New luxury housing in the area has just made that
worse. There's also the lack of planning and the impact that has on GP
services and schools. All this has starkly shown up how far the local
council was pro-developer and pro-rich.
I've also been involved in campaigns on
bread-and-butter issues such as getting security at our local railway
station and getting new traffic-calming measures.
I've worked with local community groups and raised the
need for a new mass workers' party - New Labour is now clearly just
another party of big business like the Liberals and the Tories. The
electorate aren't being offered any choice in most elections.
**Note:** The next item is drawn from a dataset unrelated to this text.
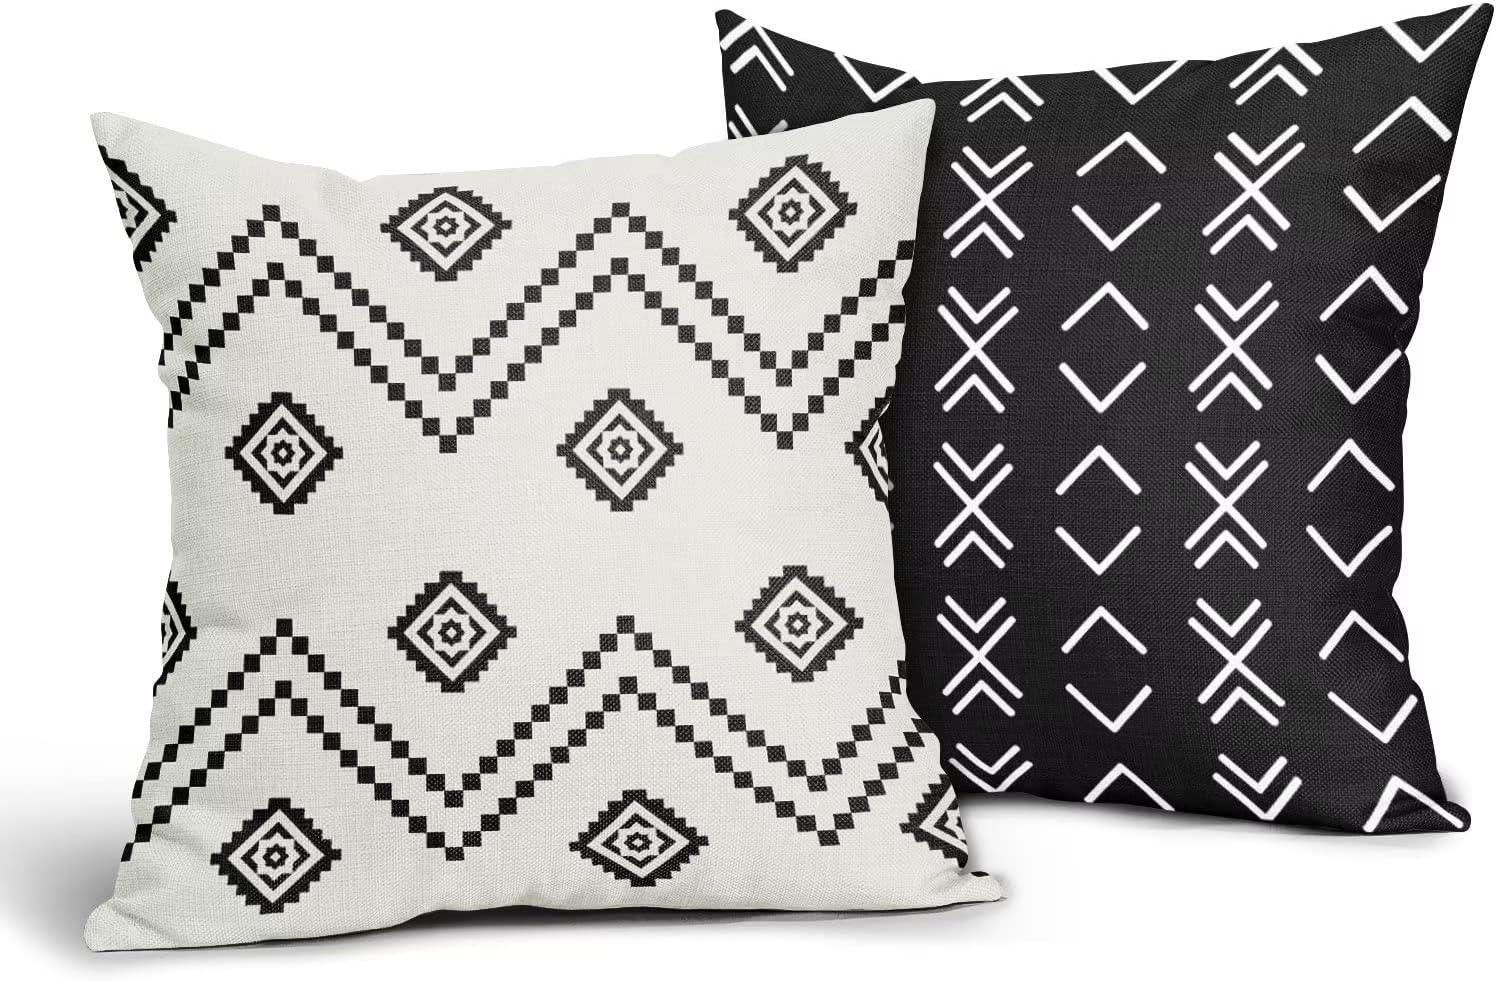 ABSOP Boho Throw Pillow Covers 18x18 Inch Set of 2 Farmhouse White and Black Pillow Covers Room Decor Modern Geometric Pillowcases Linen Cushion Cover for Sofa Bedroom Outdoor Indoor Decoration

That's why it's so important that working-class people
stand in local elections and that the Socialist Party stands under its own
banner.
I think the time is right now for councillors to take
the opposition you hear on the streets into the council chamber and fight
for a socialist alternative.
Some people may feel demoralised that there isn't a
Labour Party as there used to be but we've got to argue that people should
come to our banner where we think the lessons of collective struggle, of
collective bargaining can be relearned.